Como se seu corpo tivesse sido esvaziado num instante, e suas entranhas trituradas, restando apenas uma casca vazia, os olhos pretos e brancos de Alícia perderam o brilho.
De repente, uma mão cobriu seus olhos. A palma quente tocou seu rosto gelado.
— Não olhe — disse Julian, segurando-a pelos ombros.
Mas a cena de Yolanda abraçando a cintura de Kylen não saía de sua cabeça. Como um pesadelo, a imagem piscava e sumia, piscava e sumia, deixando-a tonta.
Finalmente, ela não aguentou. Apoiou metade do corpo no braço de Julian, abaixou a cabeça e teve ânsia de vômito.

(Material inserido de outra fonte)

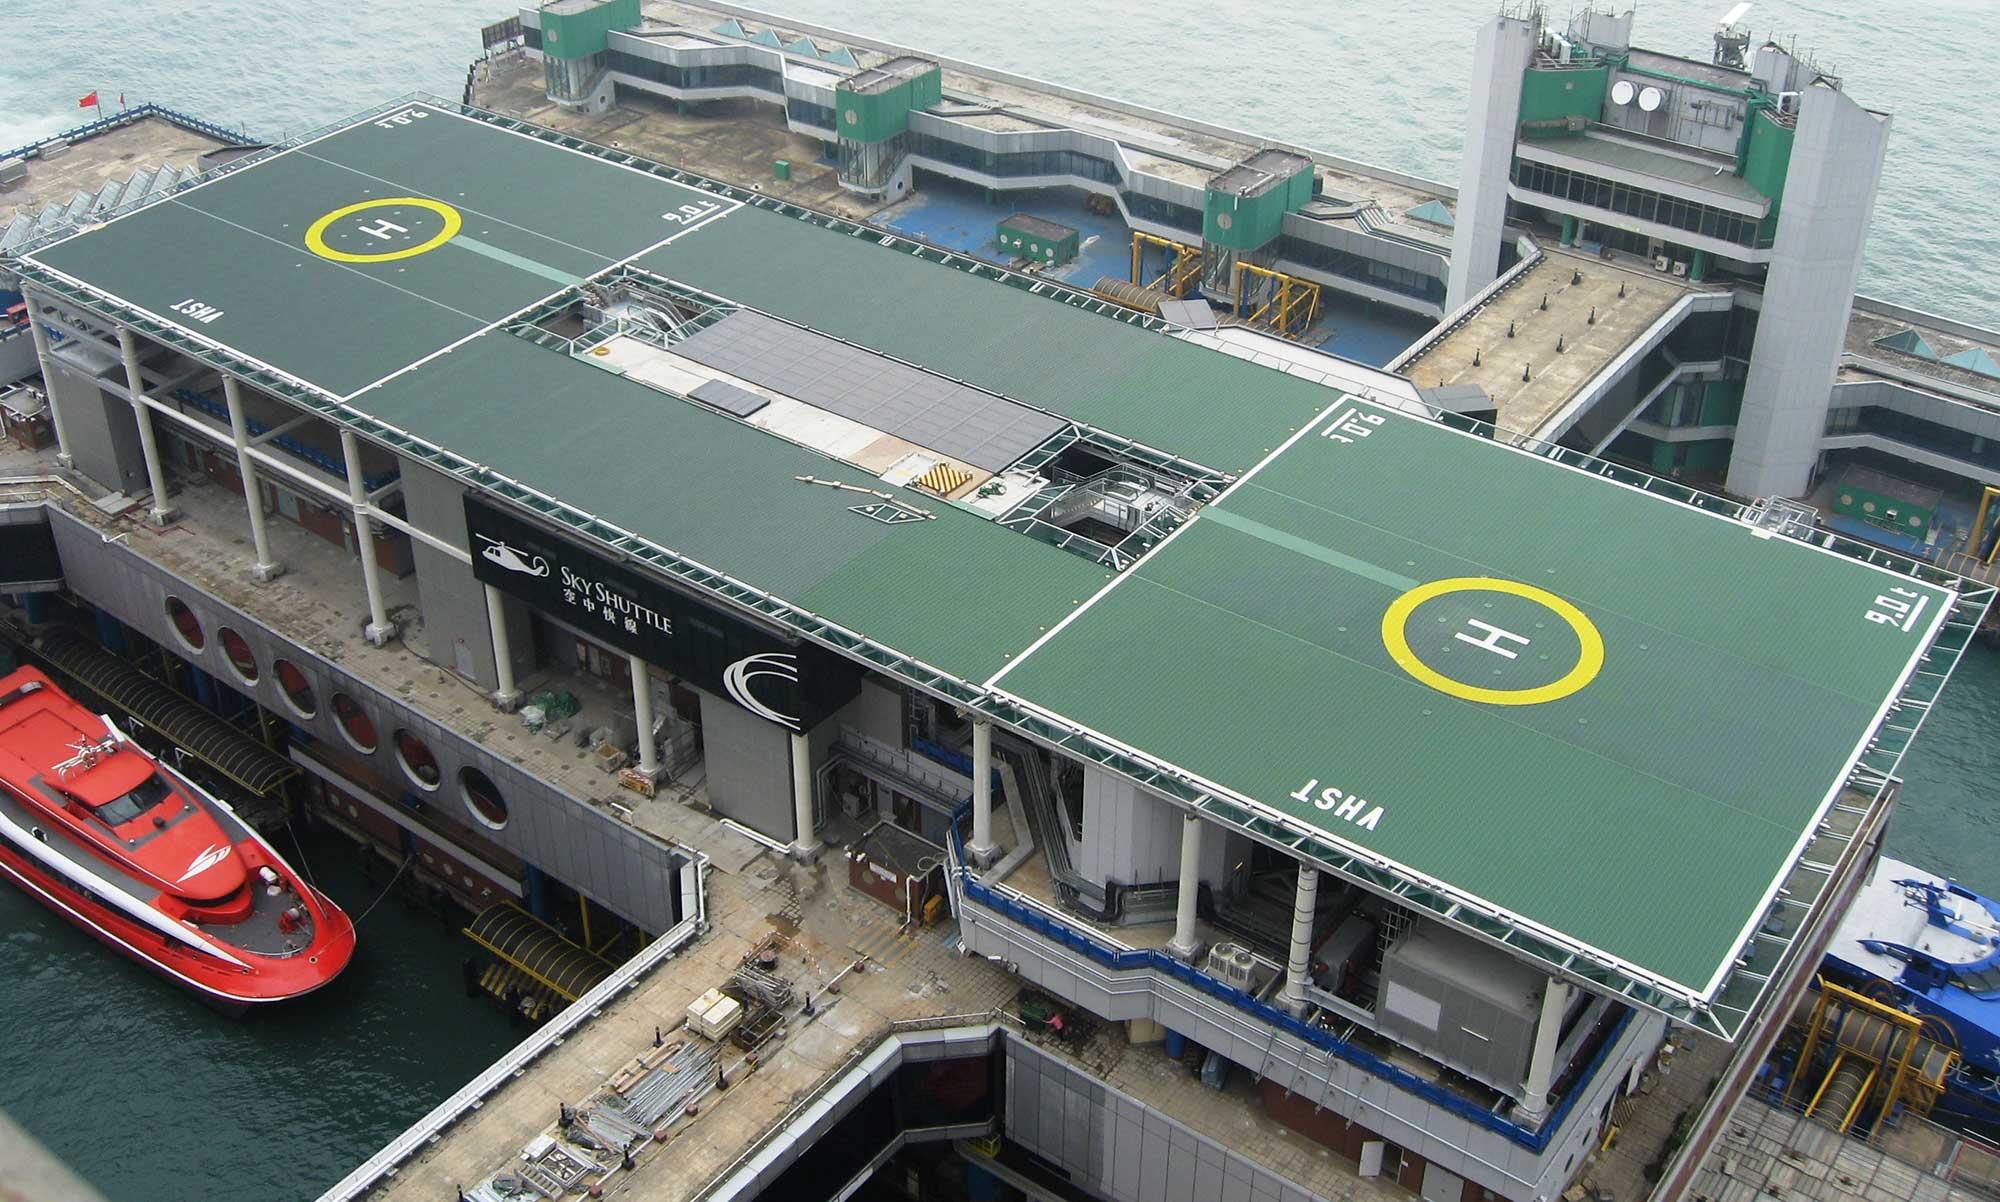 HK-MFT-astech-safety-helipad--world's-largest-helipad-110m-x-34m-with-dual-heliports

O esforço do corpo para vomitar, mesmo sem nada no estômago, forçou as lágrimas a saírem. Em seu rosto pálido, os olhos estavam tão vermelhos que pareciam prestes a sangrar.
Dentro da casa, através do vidro, Kylen empurrou Yolanda no instante em que ela o abraçou. Como se sentisse algo, seus olhos negros e profundos olharam para o jardim, fixando-se na pessoa protegida por Julian.
O corpo dela tremia tanto que parecia prestes a se desintegrar em pó a qualquer segundo.
— Kylen!
Yolanda olhou para as costas dele, que se afastavam com passos rápidos e firmes. Pelo canto do olho, viu a bengala esquecida encostada na mesa, o que fazia qualquer um esquecer que a lesão na perna dele ainda não estava totalmente curada.
Ela girou a cadeira de rodas apressadamente para segui-lo.
Alícia realmente tinha vindo. Como esperado, ela não conseguia desapegar de nada naquela casa!
Ao ver o estado de Alícia, Julian percebeu que era uma reação causada pela forte oscilação emocional somada à leve concussão. Ele segurou Alícia com um braço, tentando levá-la embora dali.
Se soubesse que seria assim, jamais teria concordado em trazê-la.
Mas Alícia afastou a mão dele. Sua voz era fraca como fumaça prestes a se dissipar:
— Não pode acabar assim.
Ela levantou a cabeça e olhou para a casa da qual estivera afastada por mais de dez anos. Depois de tanto tempo bloqueada, só agora, entrando no jardim, ela podia olhá-la de verdade.
Cada tijolo e telha pareciam os mesmos de antigamente, mas a casa havia envelhecido muito.
Após tantos anos de sol e chuva, a madeira estava coberta de musgo.
Alícia caminhou até lá, pisando sobre os escombros.
Pisou em uma parte escorregadia, seu pé deslizou para trás e seu corpo cambaleou para frente.
Nos degraus da entrada, a expressão de Kylen endureceu. Ele fez menção de dar um passo, mas parou. Seus dedos, caídos ao lado do corpo, fecharam-se em punhos com tanta força que os nós dos dedos estalaram.
Julian segurou o braço de Alícia por trás e disse com urgência:
— Alícia, o que você está procurando? Eu te ajudo a achar.
Alícia parecia não ouvir som algum. Ela continuou avançando, passo a passo.
A madeira sob seus pés estalava. Algumas partes, que já haviam rachado ao cair no chão durante a destruição, agora cediam.
Conforme ela pisava, as rachaduras aumentavam com o rangido da madeira, até se partirem de vez.